The University of Southern Mindanao (USM; ), formerly Mindanao Institute of Technology (MIT), is a university in the Southern Philippines. It provides instruction and professional training in the fields of science and technology, particularly agriculture and industry. The university was founded by Bai Hadja Fatima Matabay Plang, an educator and philanthropist. It formally open on October 1, 1954, and achieved university status on March 13, 1978. Its 1,024 hectare main campus is located in Kabacan, Cotabato. The University of Southern Mindanao is one of the four State University and Colleges (SUC) to achieve excellence in agricultural education and one of the nine to hold Level IV status.
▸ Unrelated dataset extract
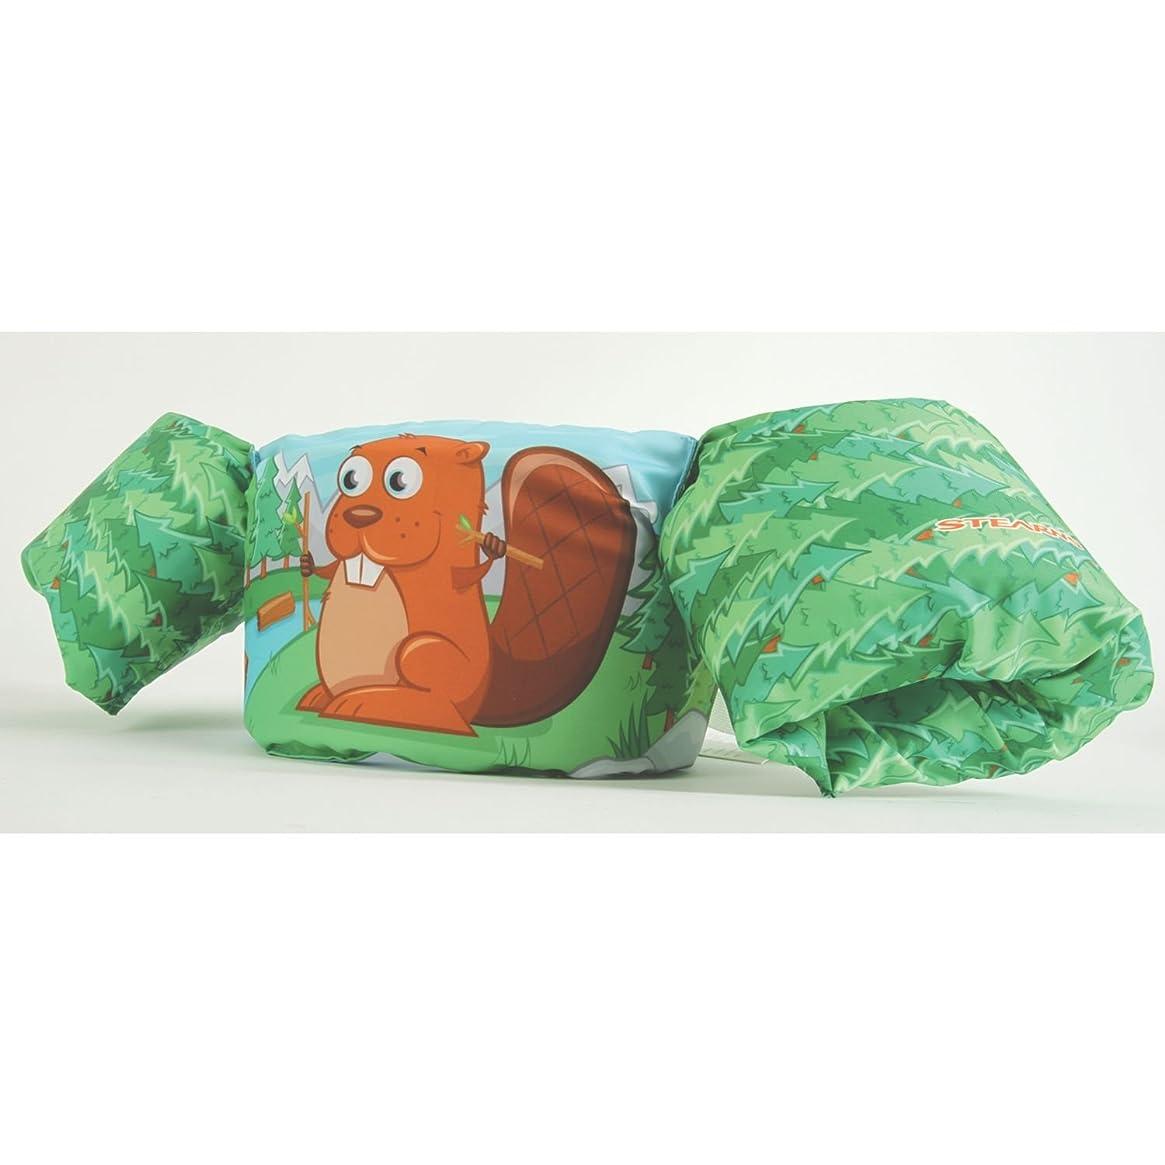 Stearns Kids Puddle Jumper Deluxe 3D Life Jacket, Beaver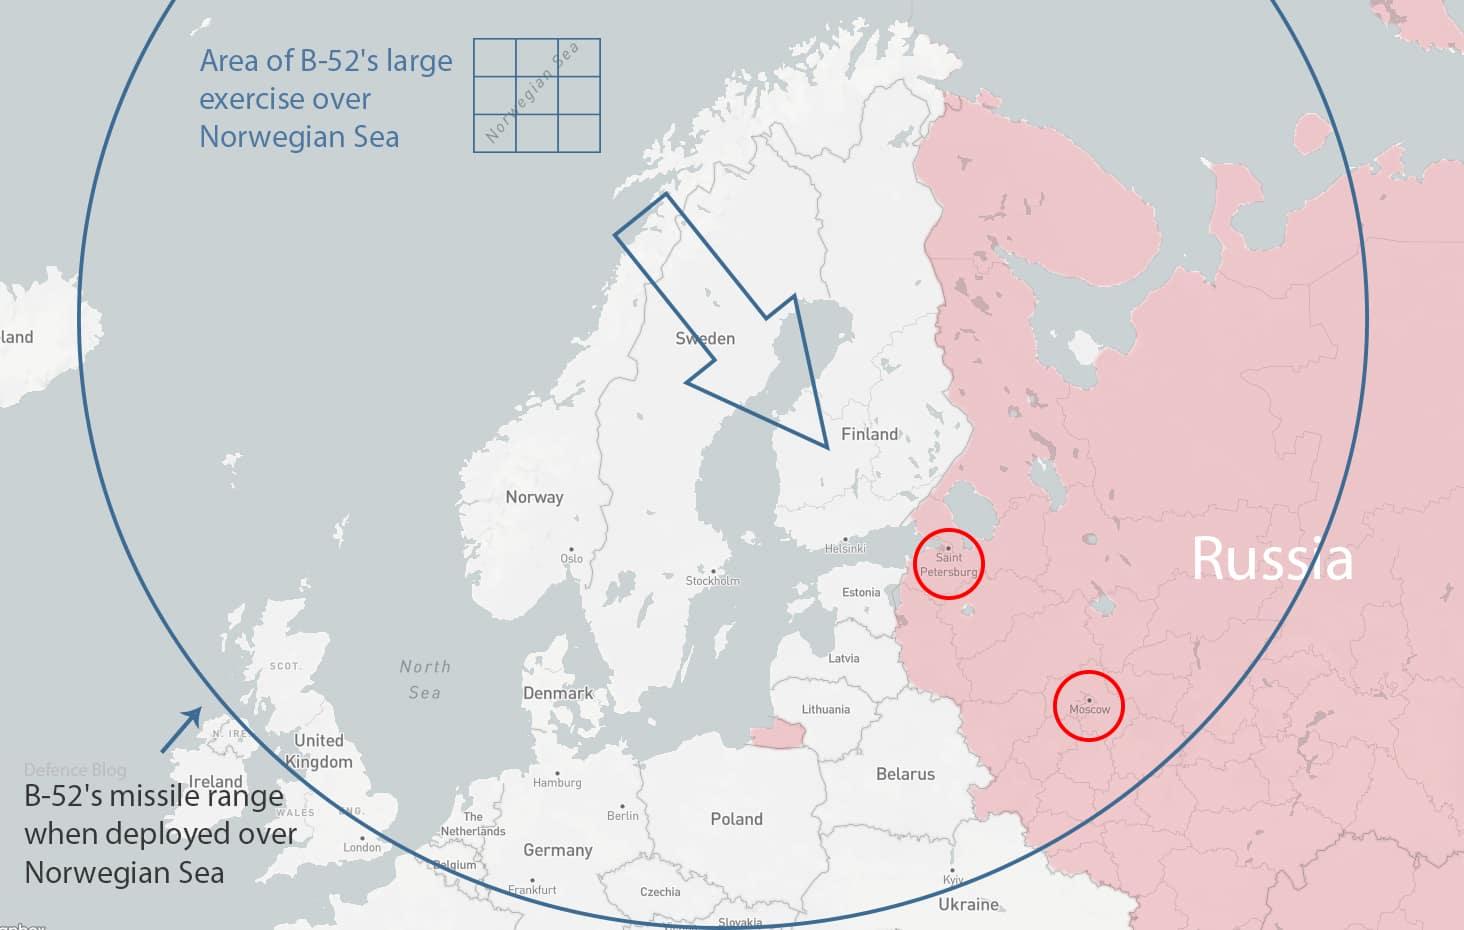 Five U.S. B-52 bombers simulated mock nuclear strike against targets in Russia

Across its 3 campuses USM holds a total of 5,129.97 hectares of land, mostly for agricultural teaching and research.

History
The USM main campus used to be a rubber plantation owned and managed by a Scot named Fleming, who was granted an area of 1,024 hectares in 1909. The ownership changed hands several times until the Japanese occupation, when it came under the control of Ohta Development Company. After the Americans defeated the Japanese in 1944, this compound was taken over by the United States government until 1947, when it was transferred to the Philippine government. It was not until the 1950s that the Maguindanao princess, Bai Hadja Fatima Matabay Plang, started the movement to establish the Mindanao Institute of Technology (MIT). She was supported in this venture by Datu Udtog Matalam, then governor of Empire Province, Cotabato, and by congressman Salipada Pendatun (who later became house speaker).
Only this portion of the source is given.